• _Problem to solve_:
Once you find the line with "grinder All-in-1 with" in the entries below, print it and each line after it up to and including the line with "Full bed Linen printed Cotton striped", exactly, without pictures.

### Records provided

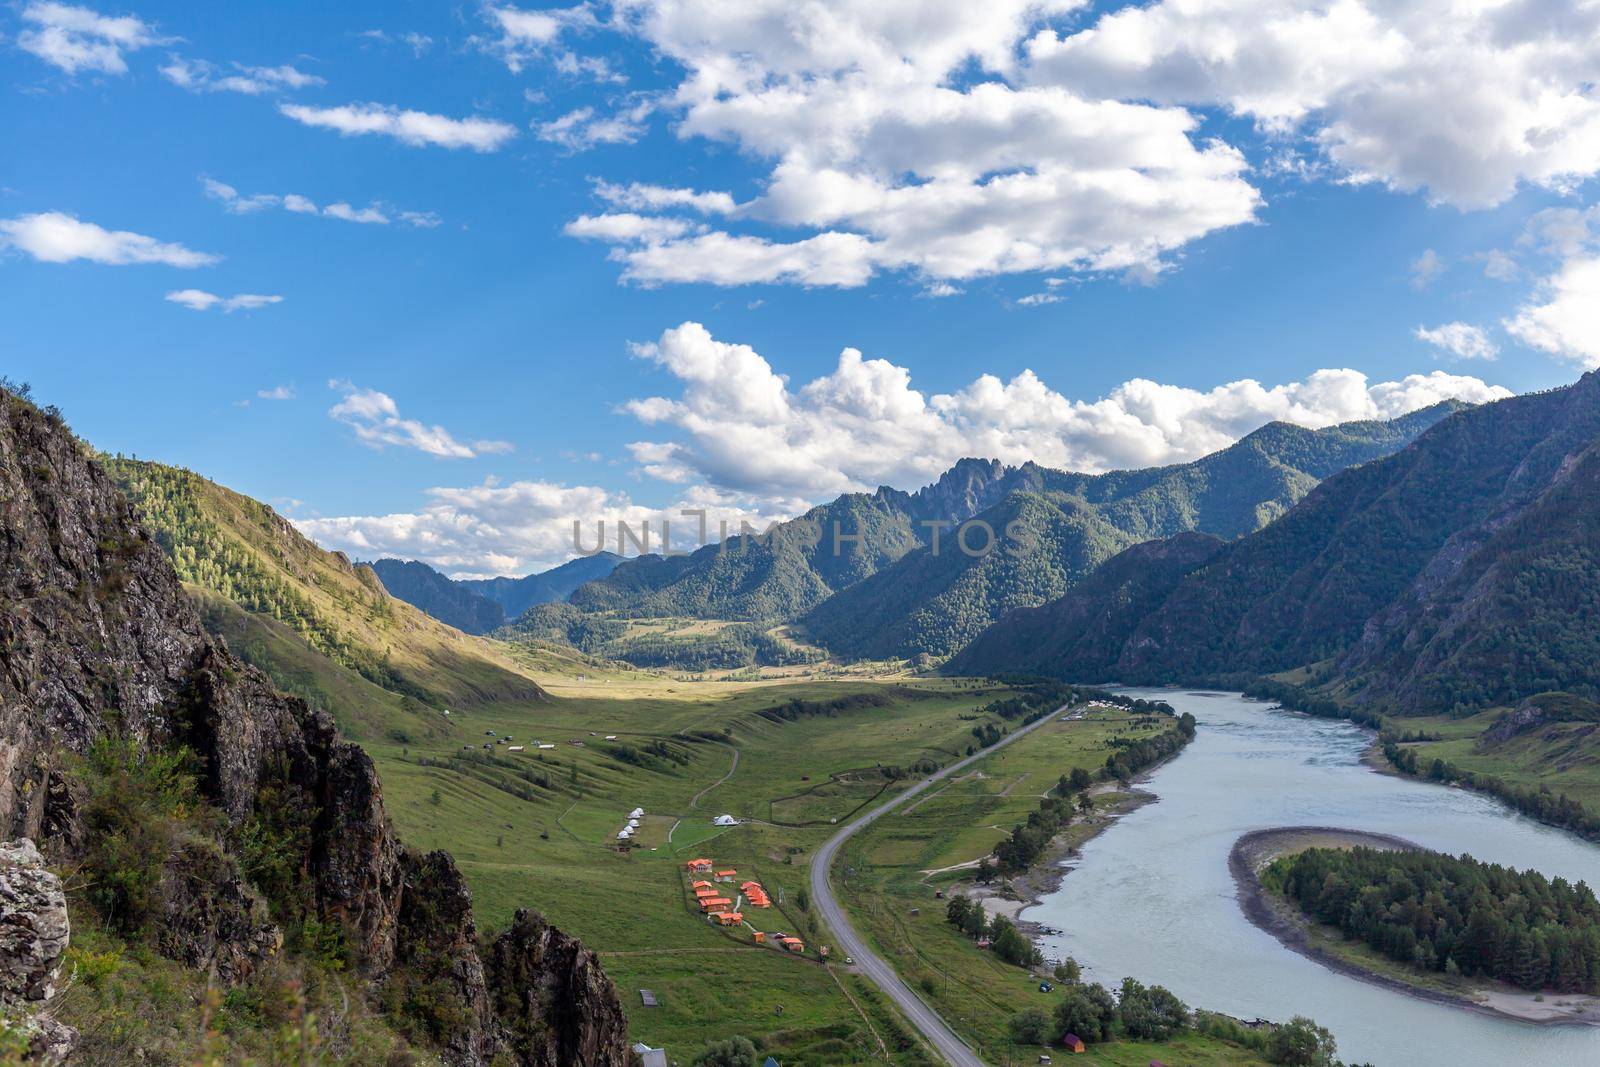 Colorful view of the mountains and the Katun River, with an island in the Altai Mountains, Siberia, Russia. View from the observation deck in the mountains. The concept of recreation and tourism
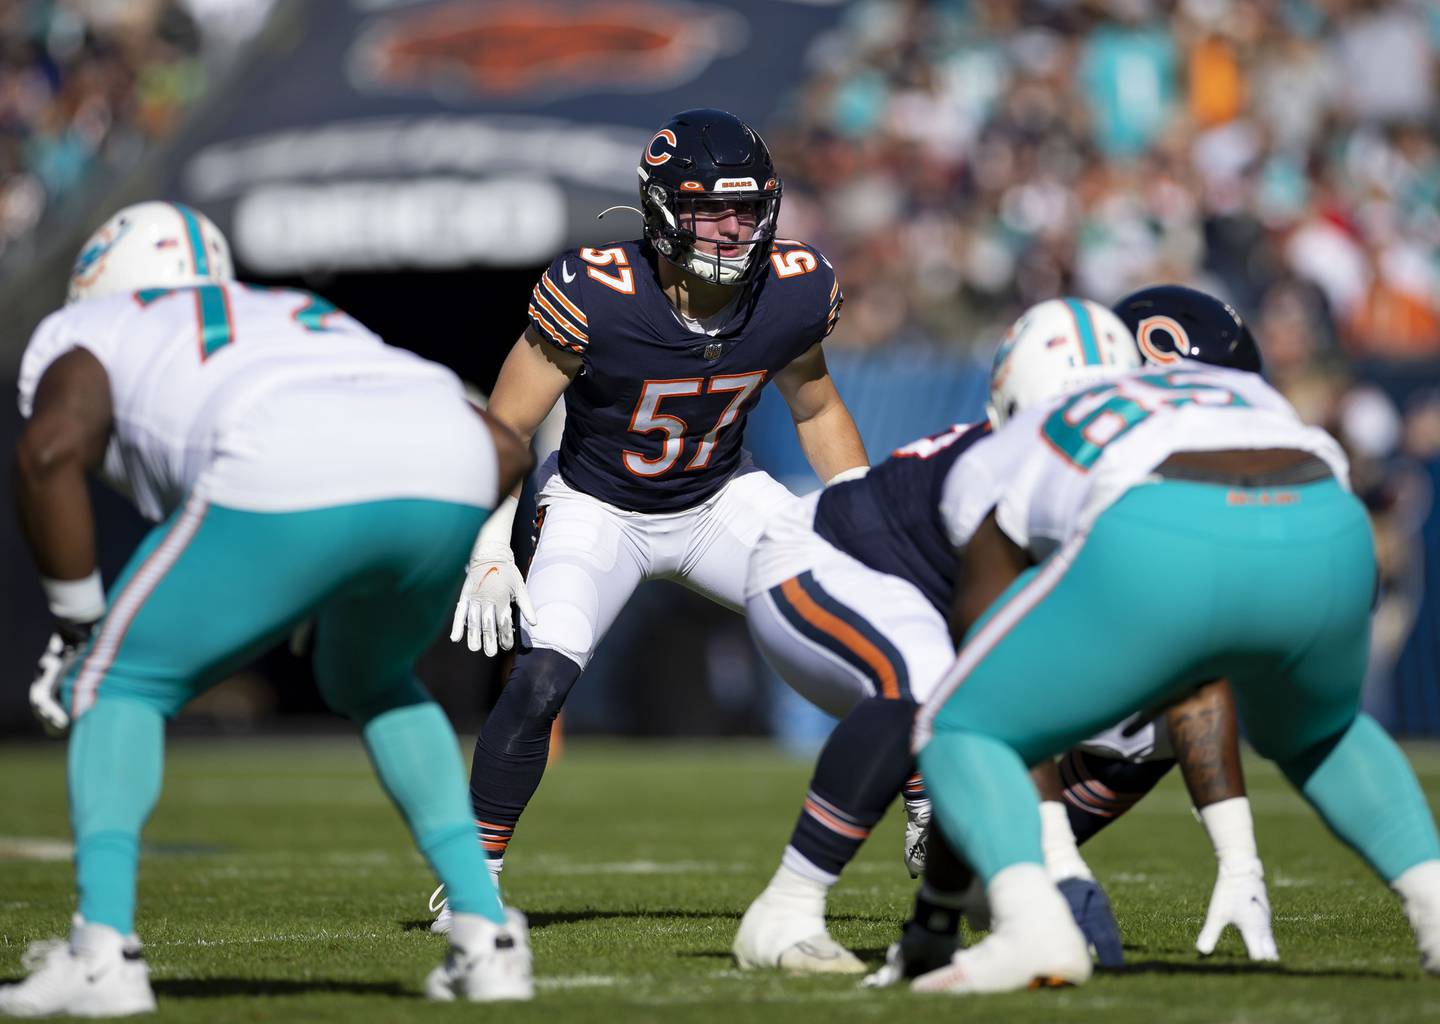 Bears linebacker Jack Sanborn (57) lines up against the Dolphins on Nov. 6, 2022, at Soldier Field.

######
### Records provided

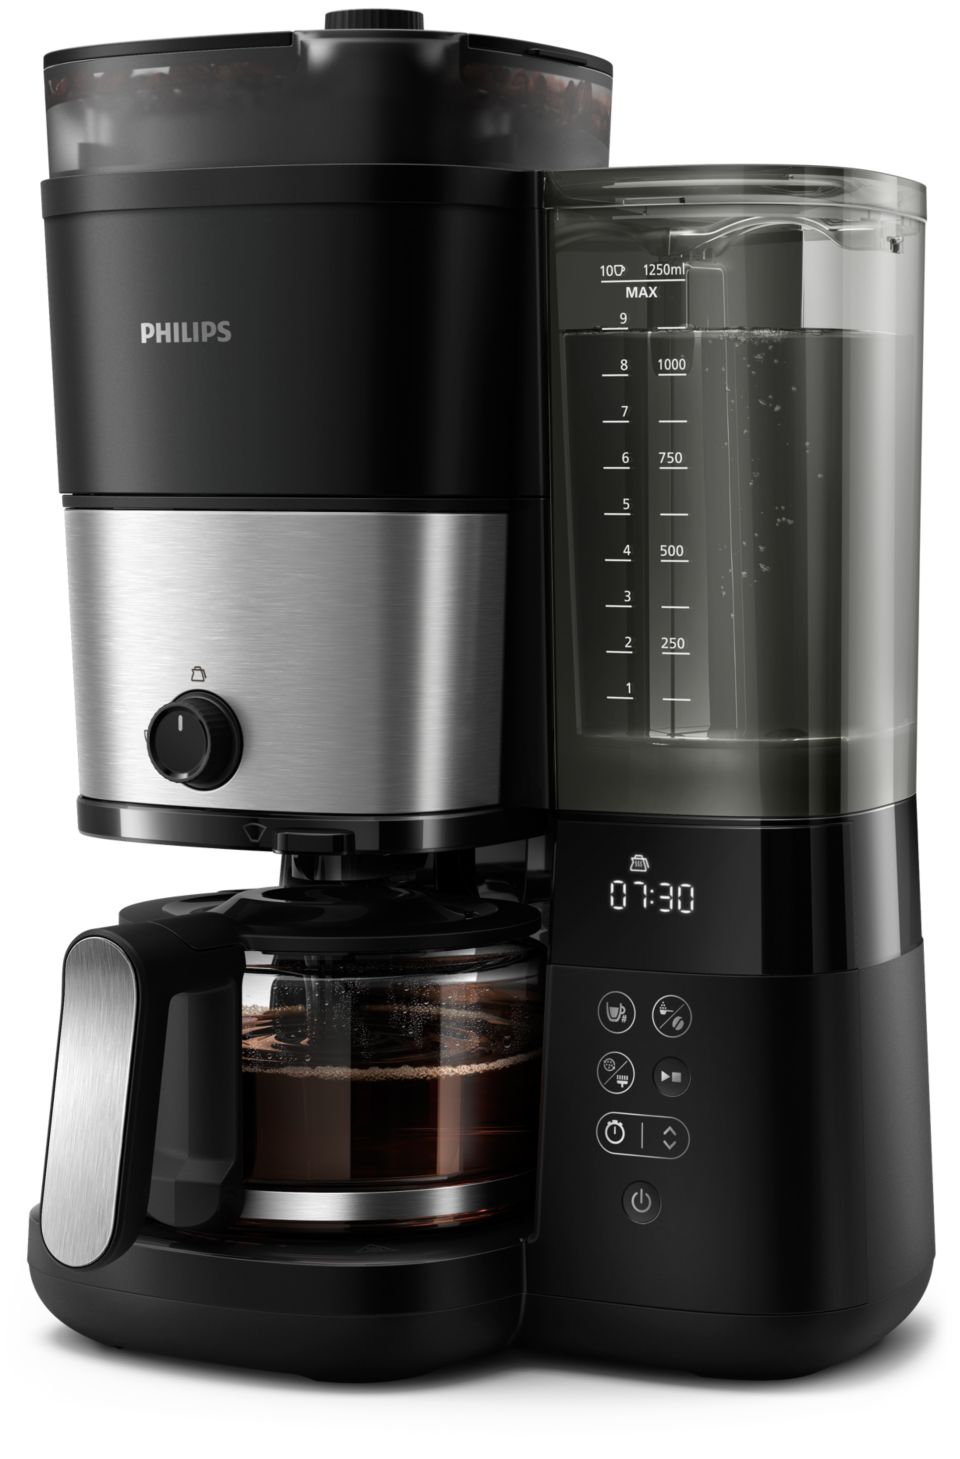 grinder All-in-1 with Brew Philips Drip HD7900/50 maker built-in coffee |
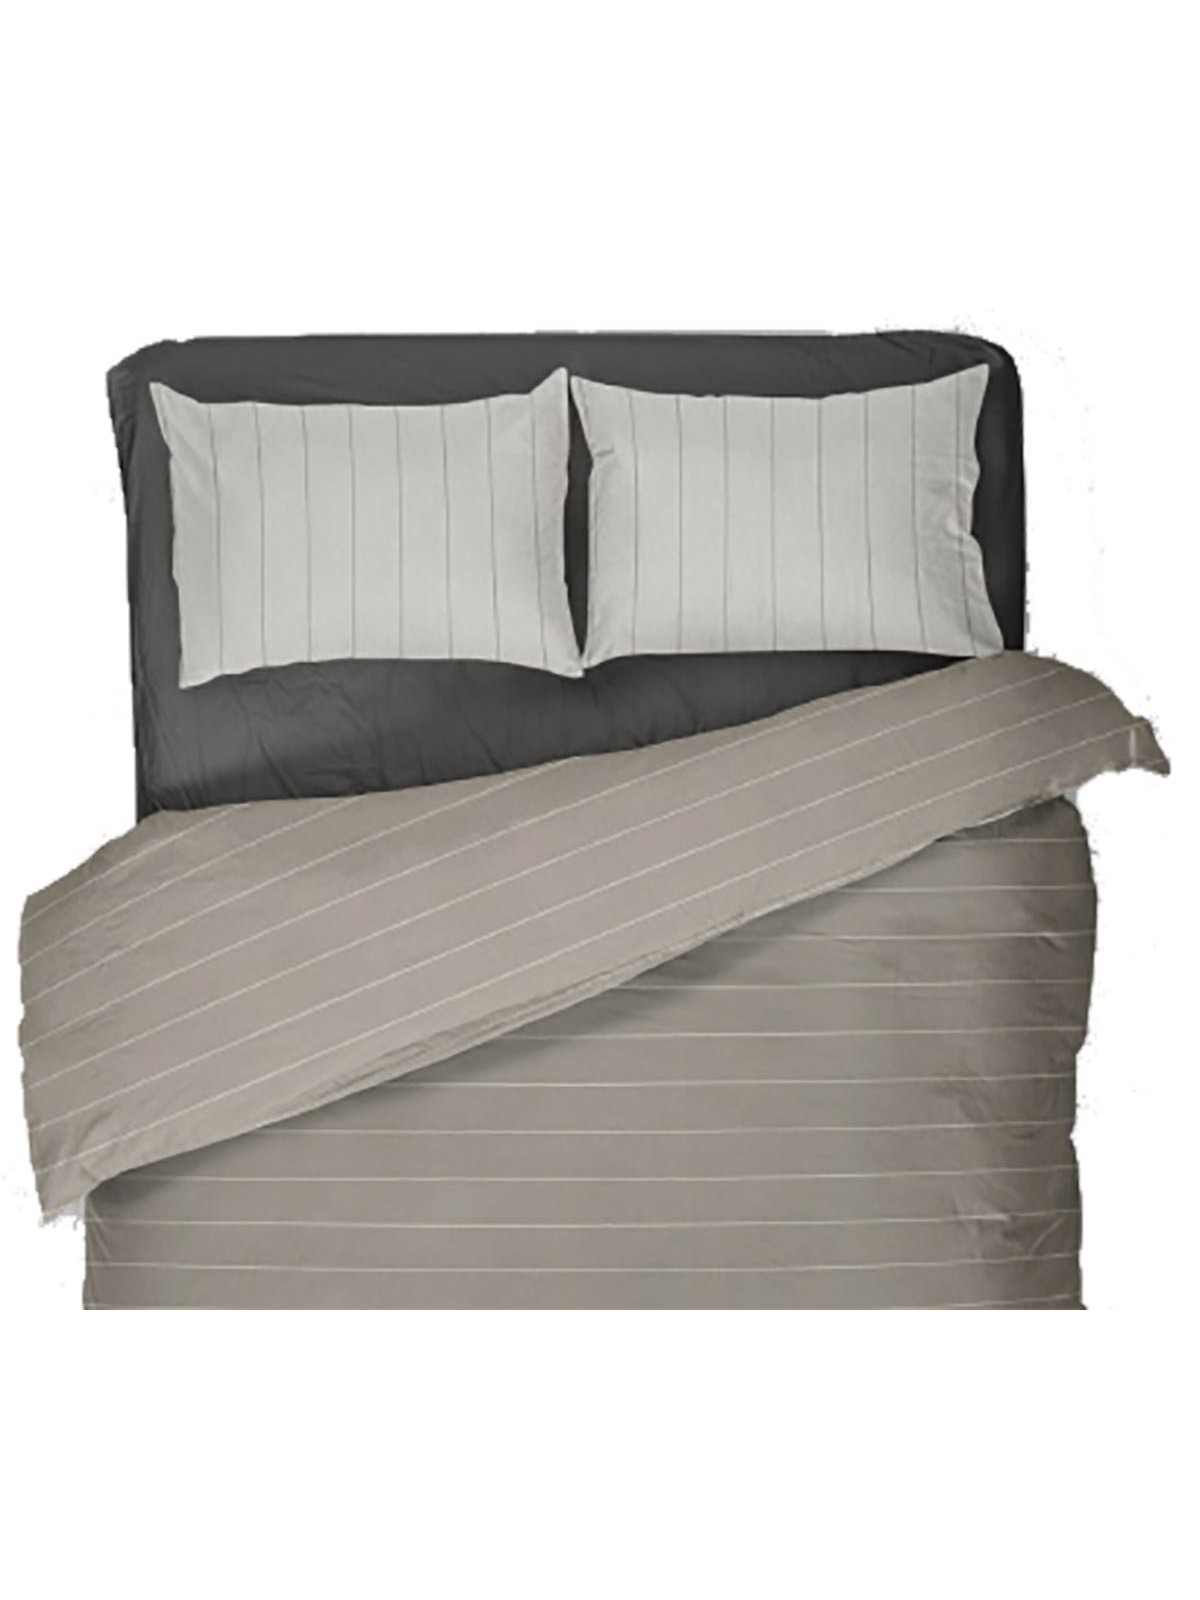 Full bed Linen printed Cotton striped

######

• _Output_:
 grinder All-in-1 with Brew Philips Drip HD7900/50 maker built-in coffee |
 Full bed Linen printed Cotton striped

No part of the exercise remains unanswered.